Data shown:
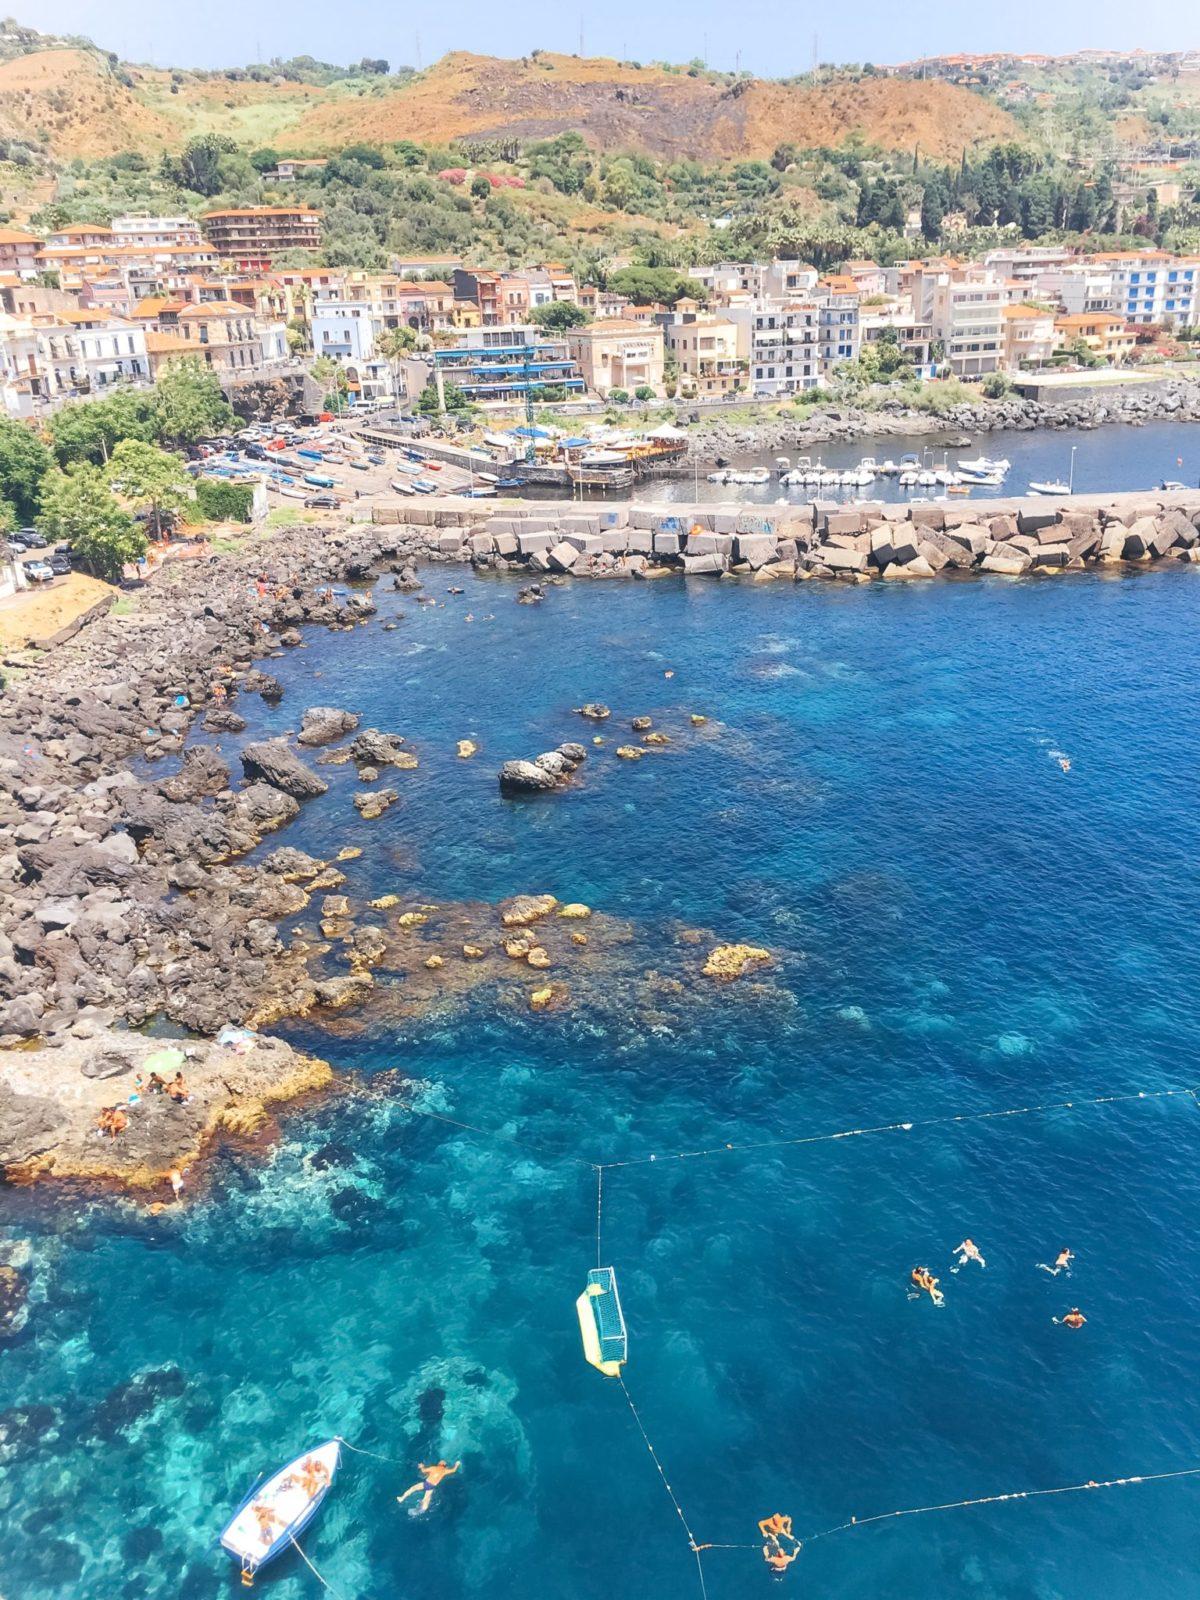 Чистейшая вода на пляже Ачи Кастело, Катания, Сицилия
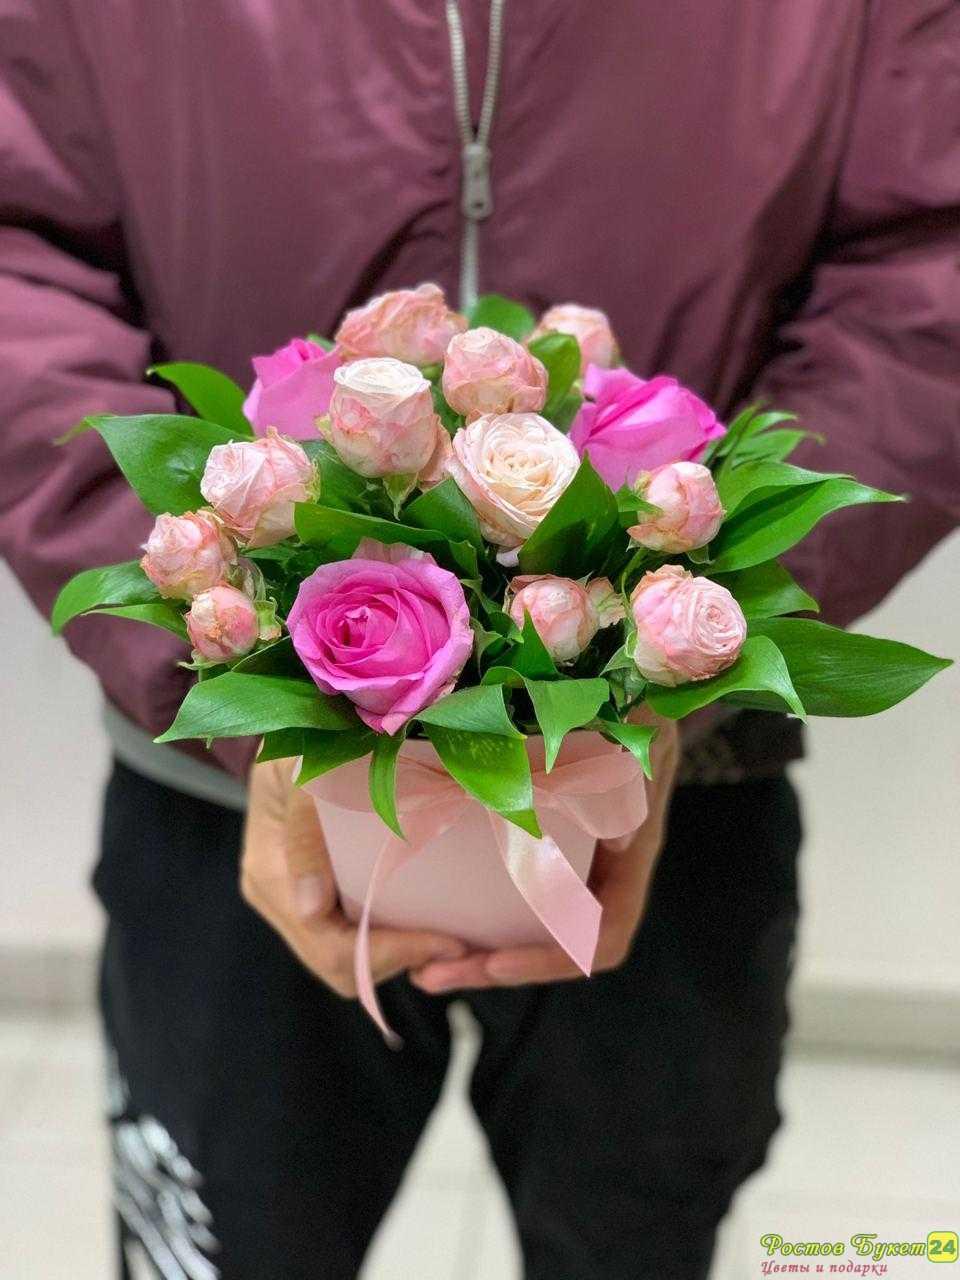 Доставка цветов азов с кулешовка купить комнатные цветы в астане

* * *

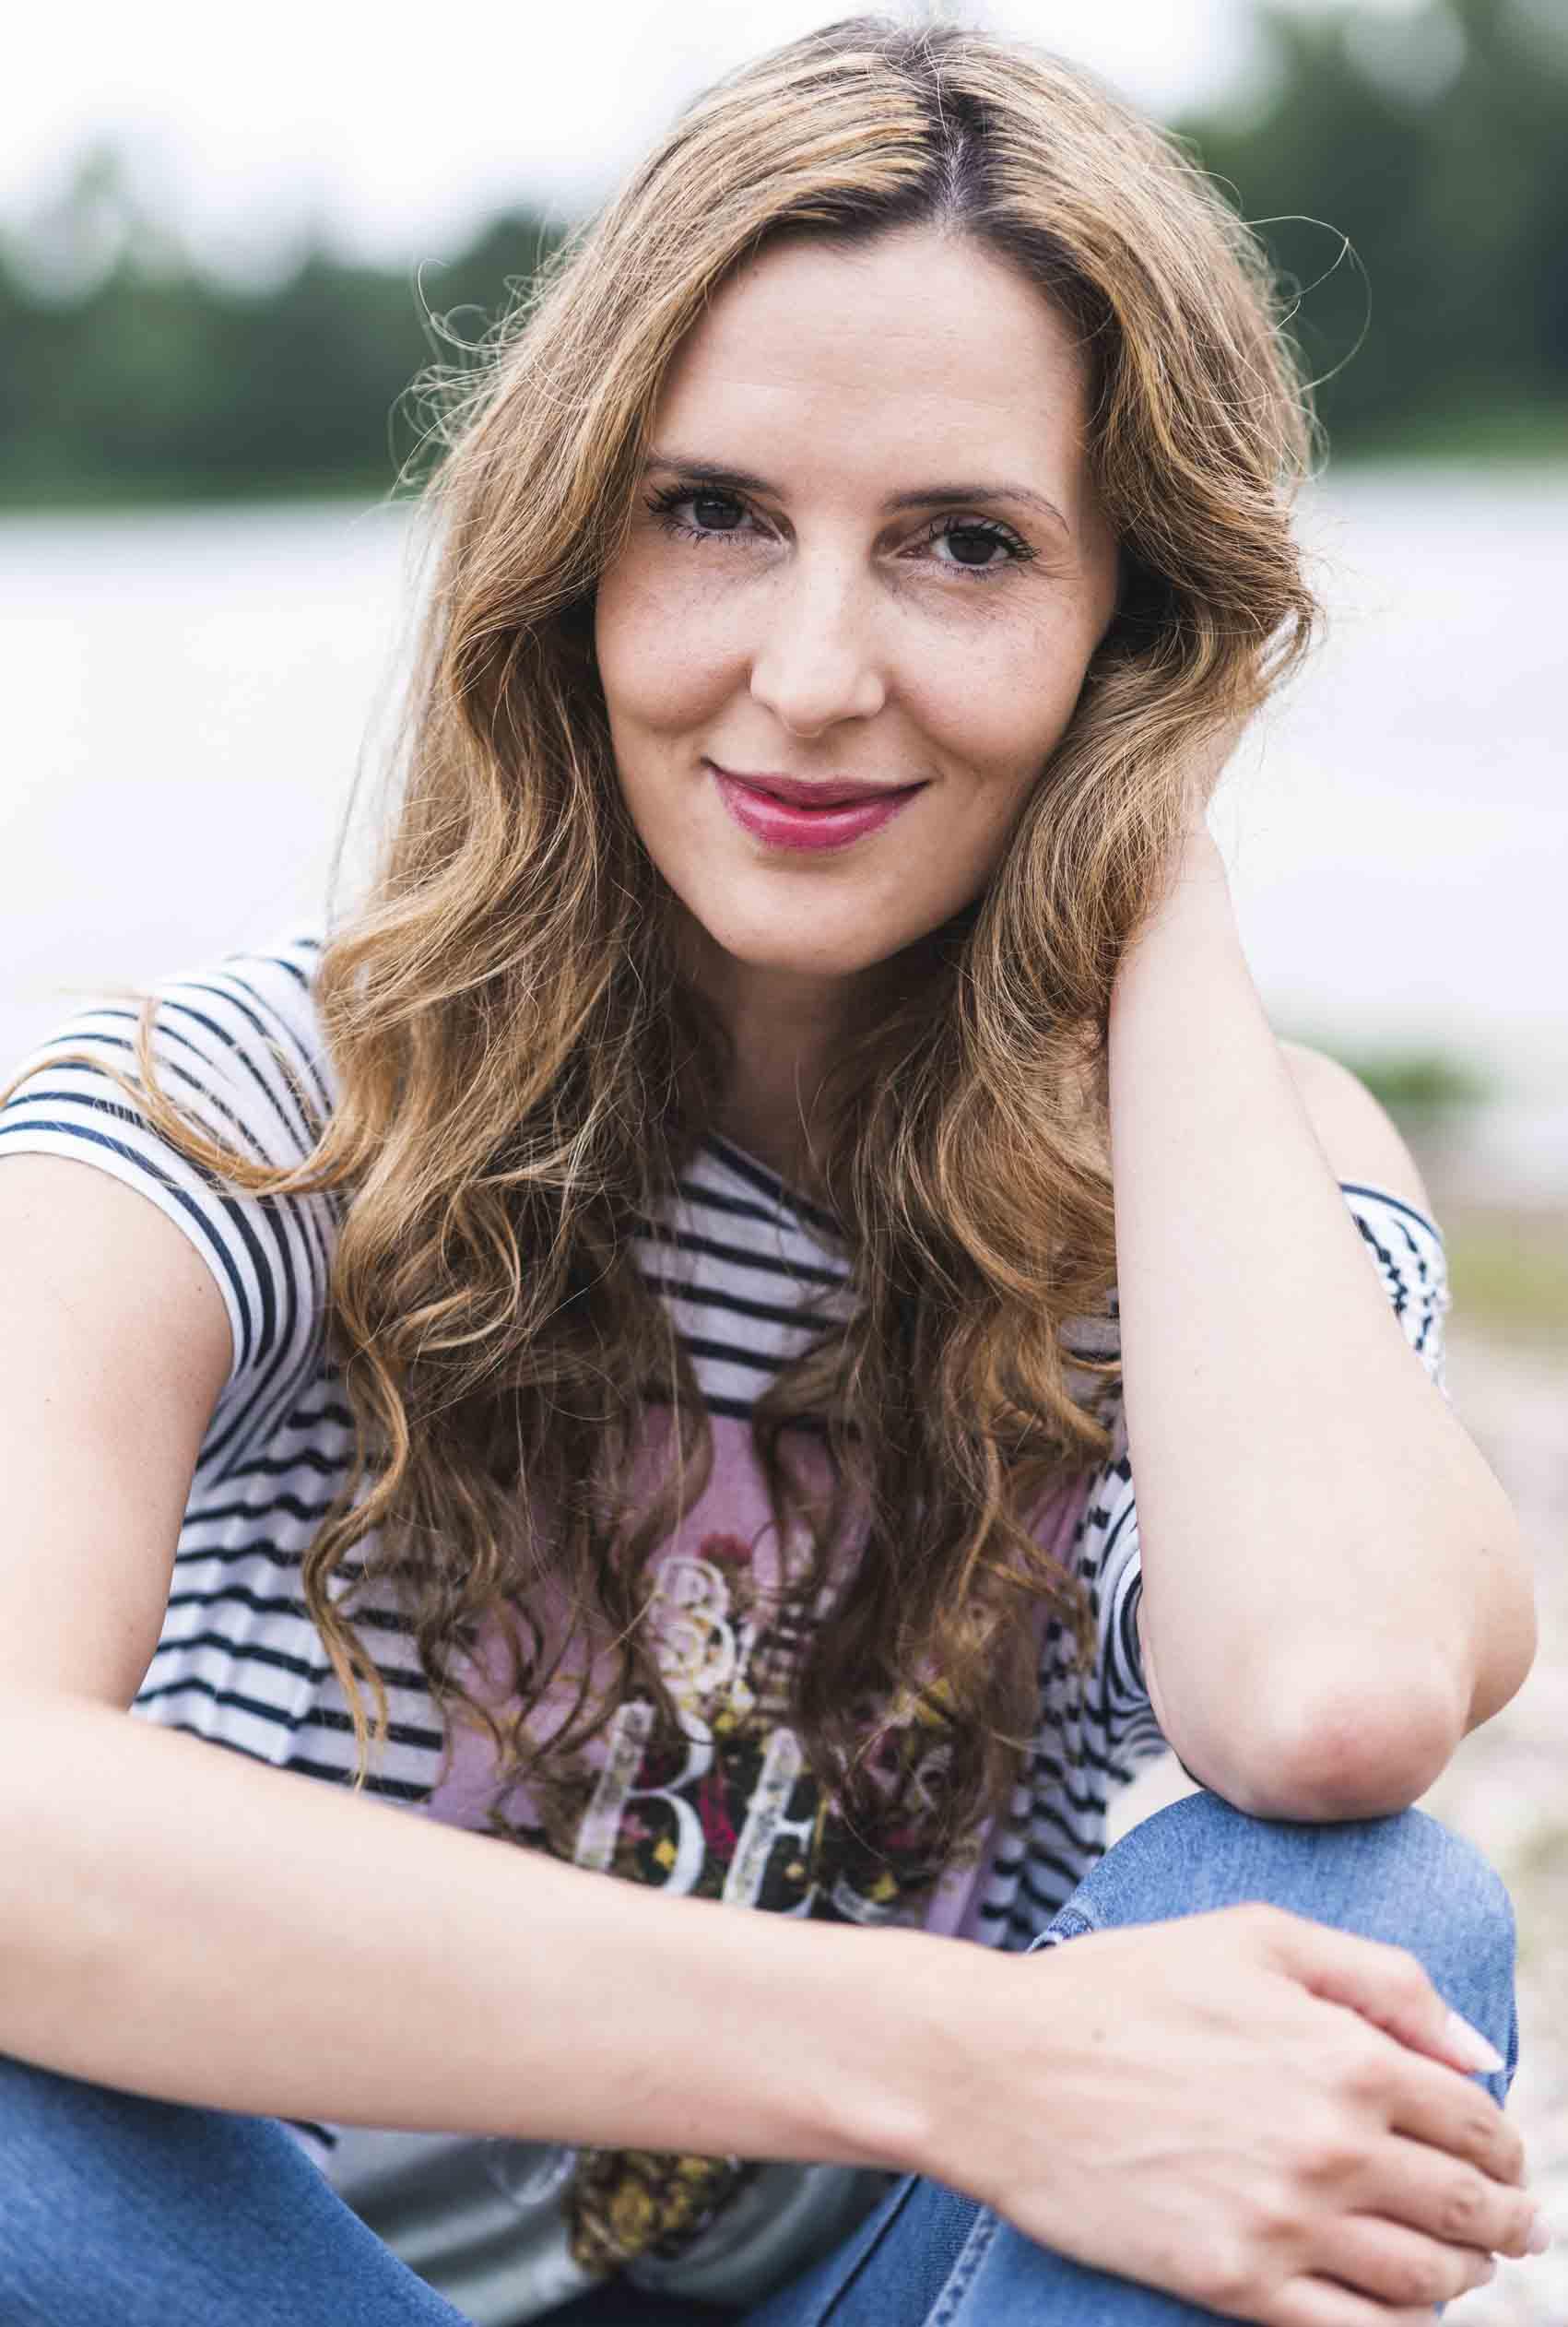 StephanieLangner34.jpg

What you have to do:
Your reply should hold nothing but the lines above, from the one containing "Чистейшая вода на" to the one containing "Доставка цветов азов", reproduced exactly minus the pictures.

Result below:
 Чистейшая вода на пляже Ачи Кастело, Катания, Сицилия
 Доставка цветов азов с кулешовка купить комнатные цветы в астане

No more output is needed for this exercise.